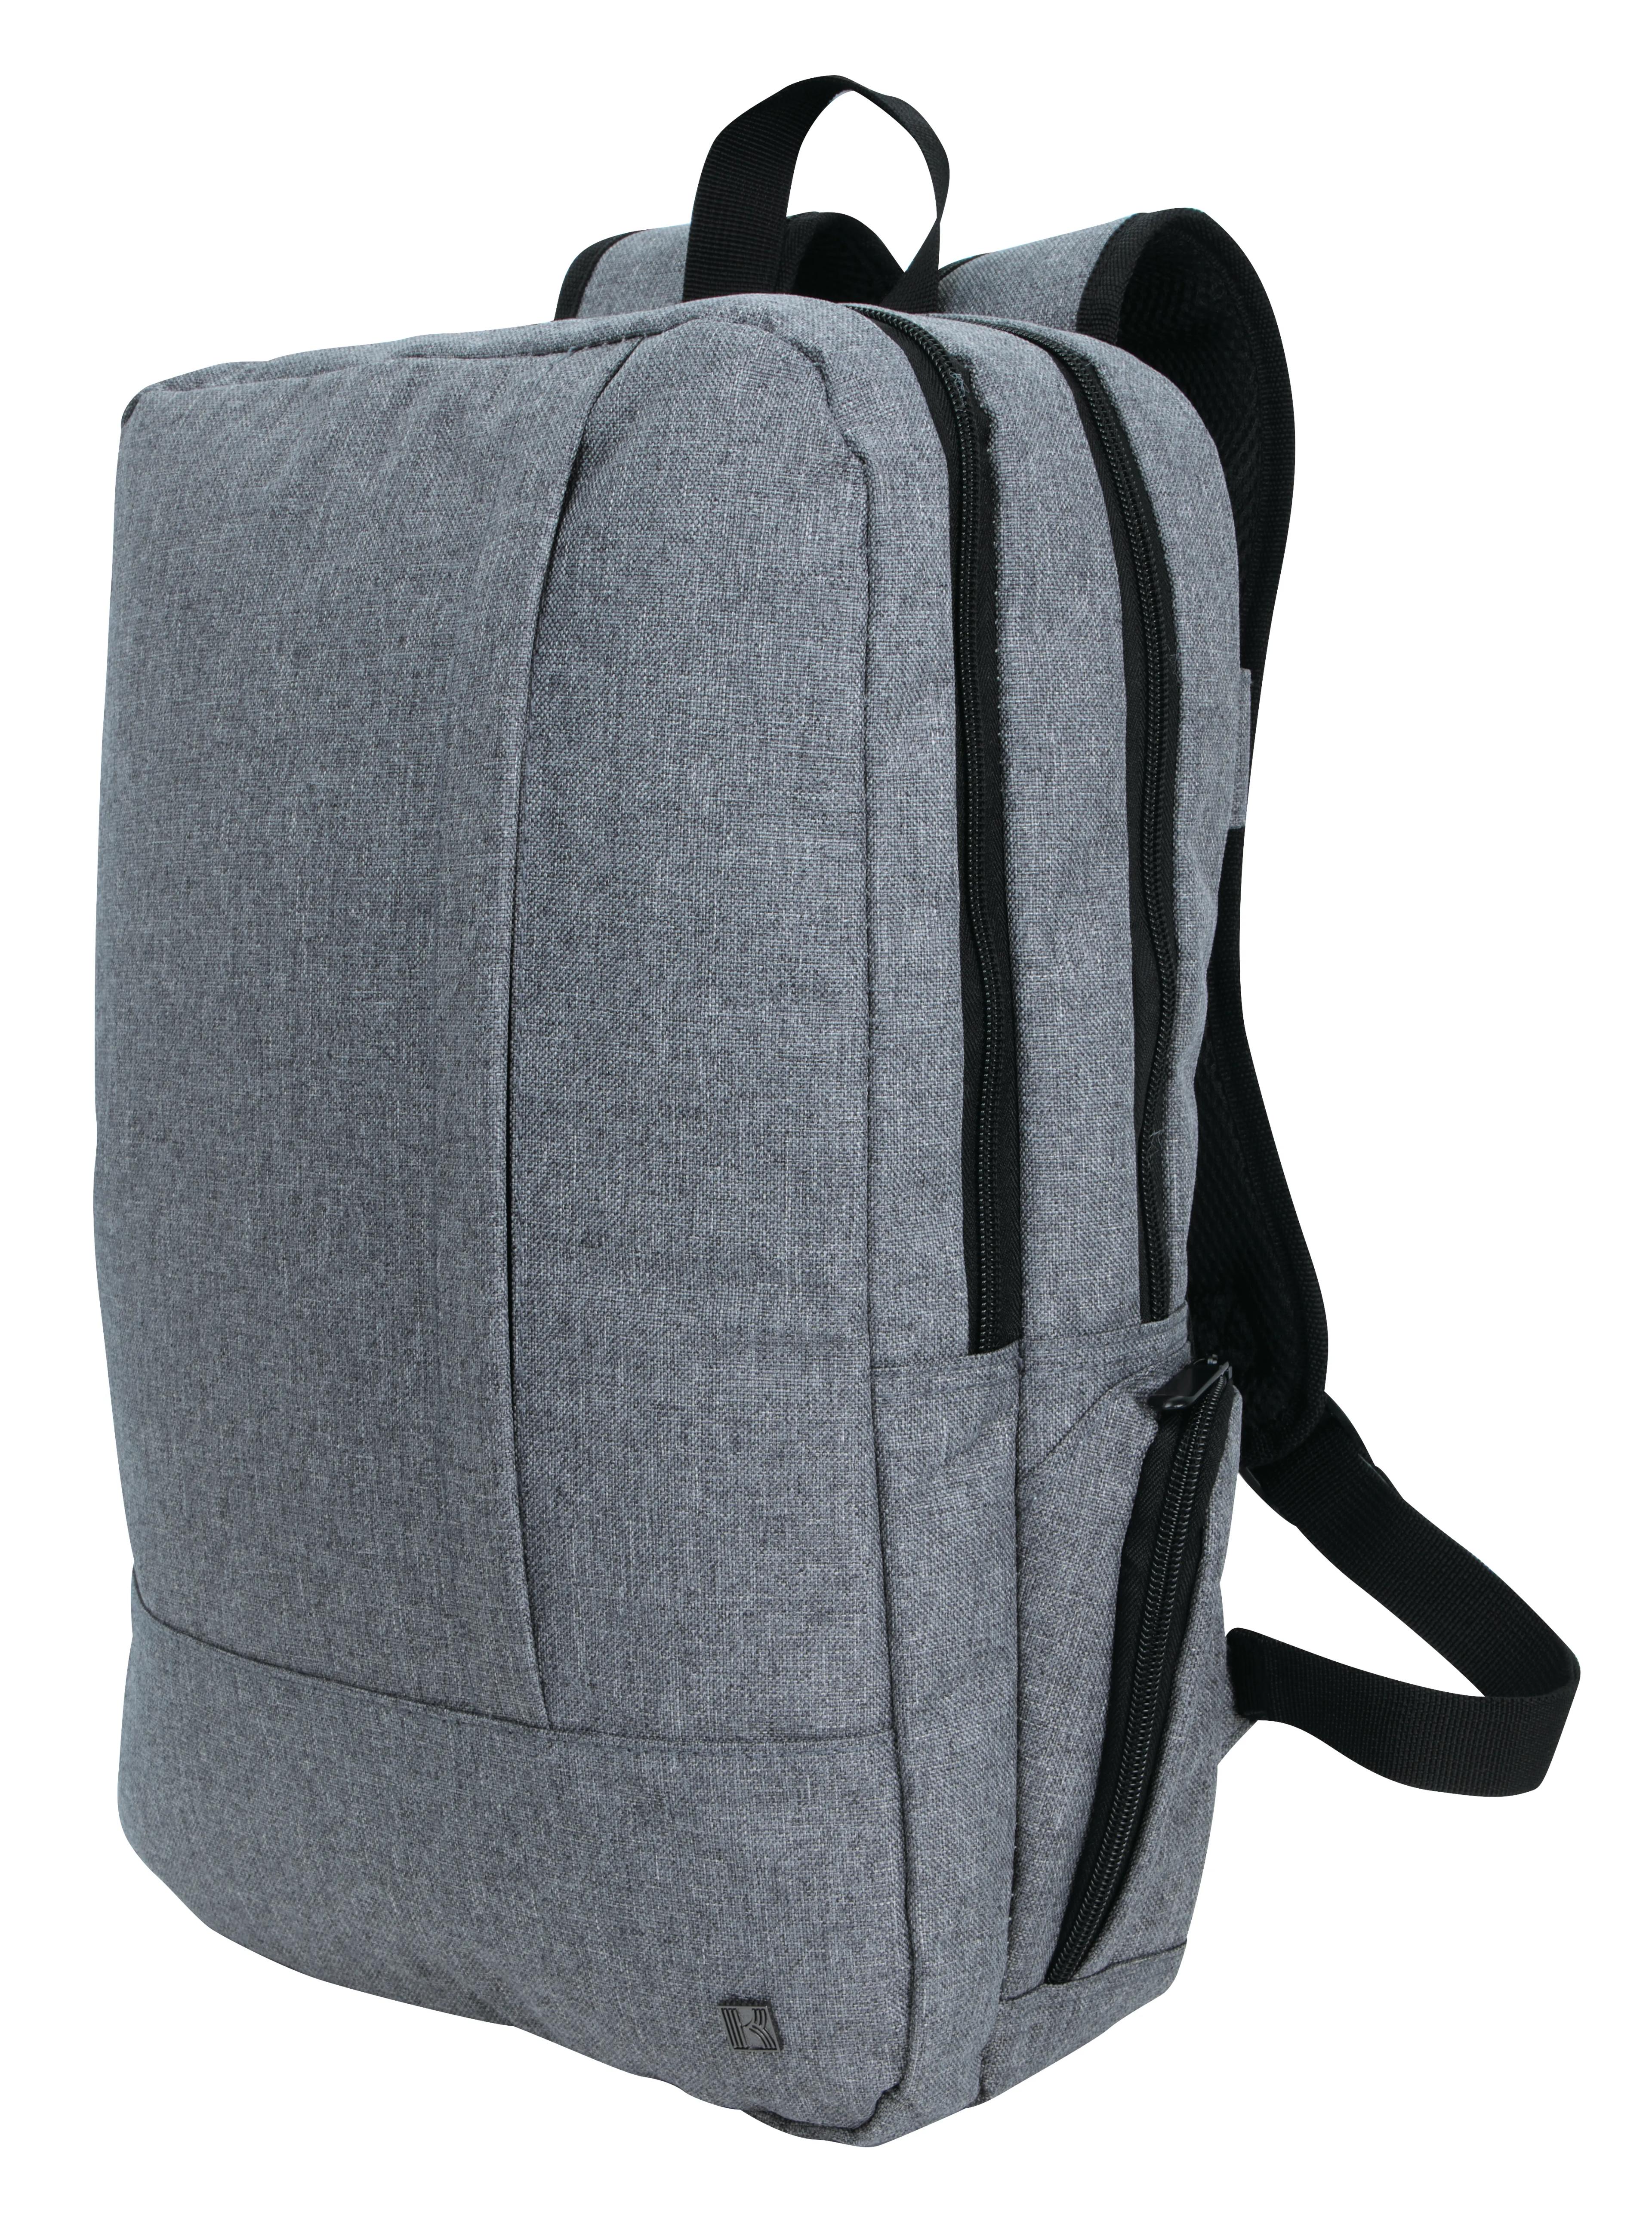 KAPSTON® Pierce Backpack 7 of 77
...
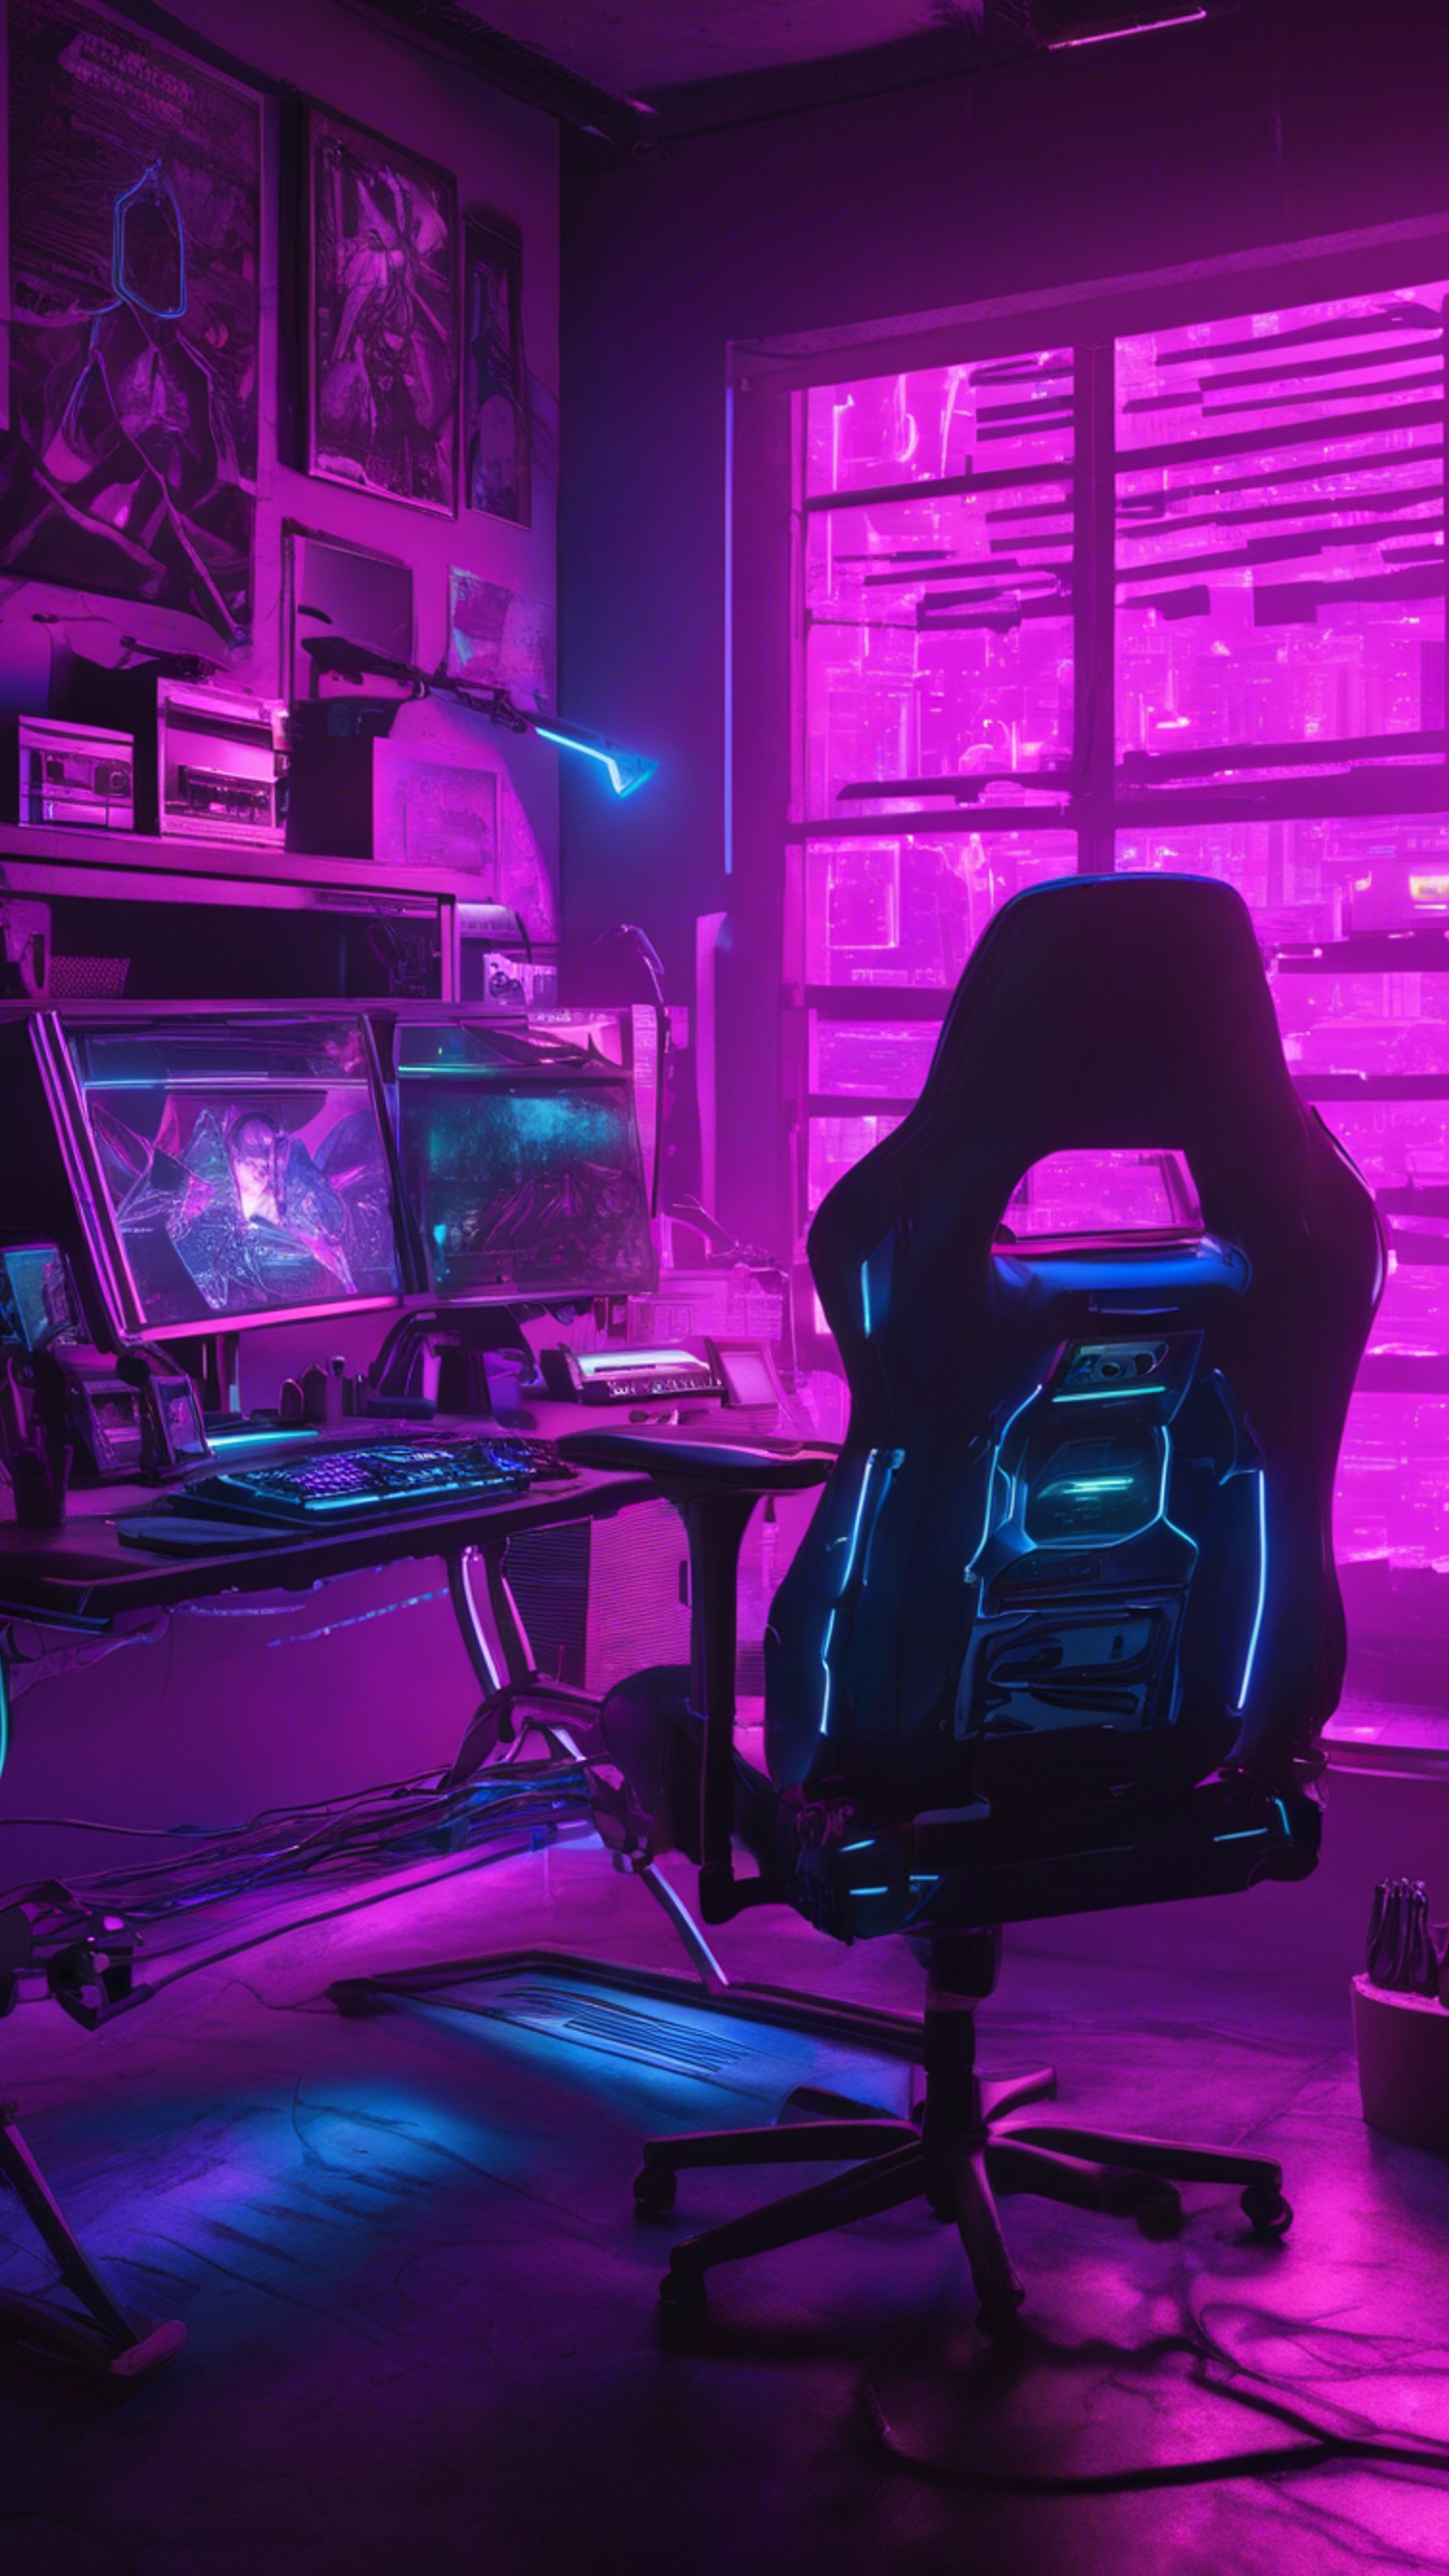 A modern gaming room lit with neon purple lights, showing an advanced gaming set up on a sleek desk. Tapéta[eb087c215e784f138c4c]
...
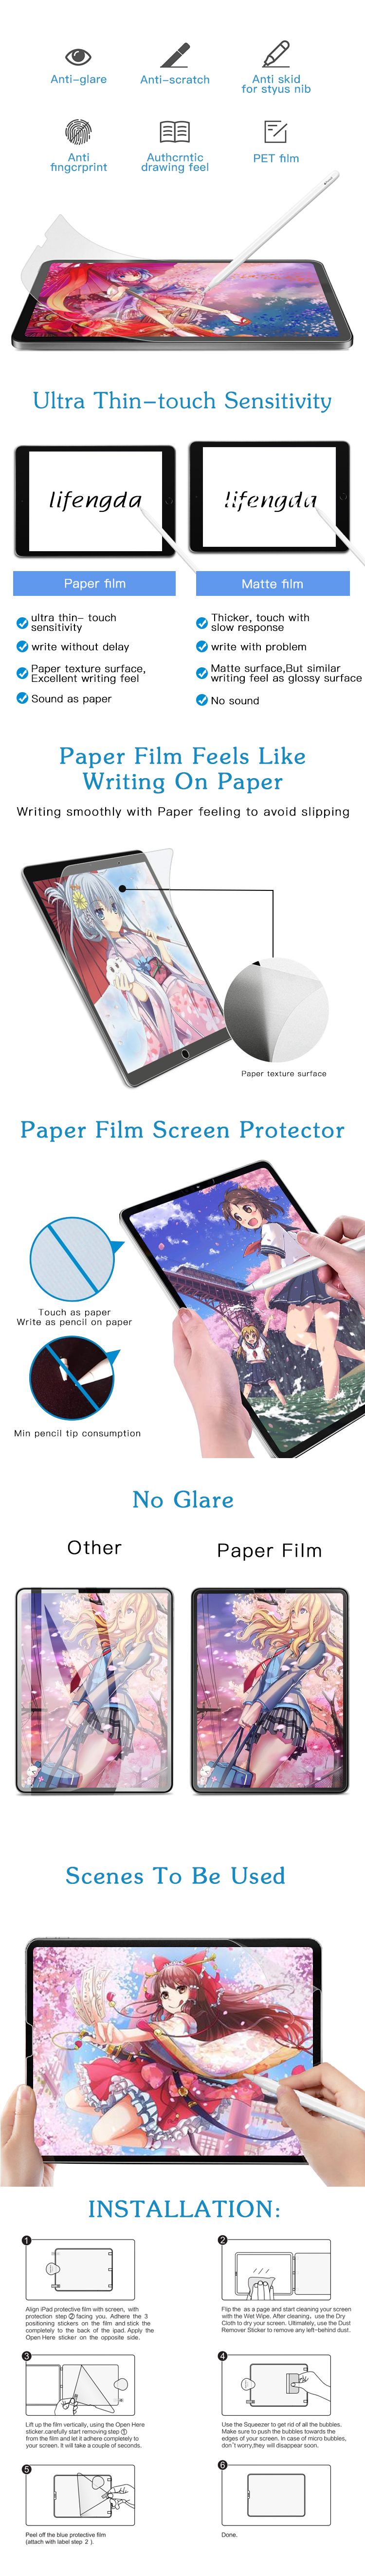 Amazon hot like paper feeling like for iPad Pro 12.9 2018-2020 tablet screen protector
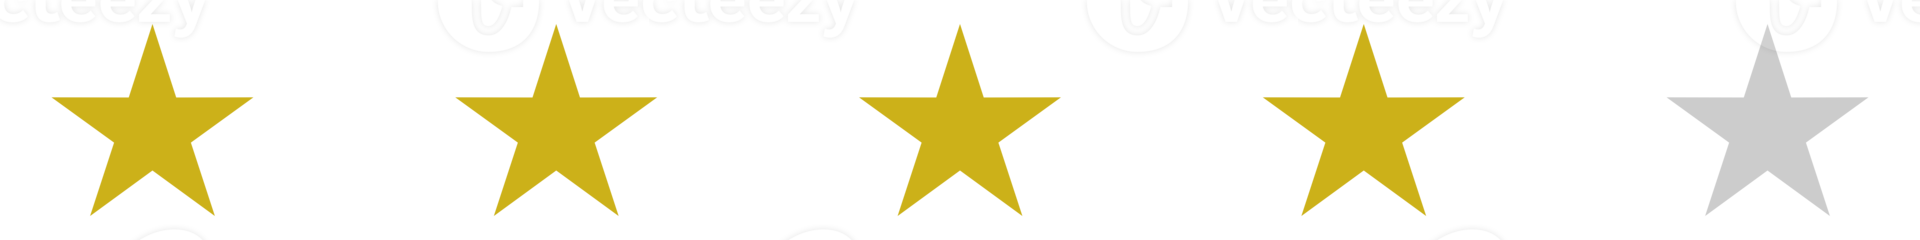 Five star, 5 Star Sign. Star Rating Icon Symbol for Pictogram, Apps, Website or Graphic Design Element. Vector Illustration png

• YOUR INSTRUCTIONS: Go back to the lines above and output, exactly as they stand, the ones from the line containing "Amazon hot like" to the line containing "Five star, 5". Leave all pictures behind.

• FINISHED EXERCISE:
 Amazon hot like paper feeling like for iPad Pro 12.9 2018-2020 tablet screen protector
 Five star, 5 Star Sign. Star Rating Icon Symbol for Pictogram, Apps, Website or Graphic Design Element. Vector Illustration png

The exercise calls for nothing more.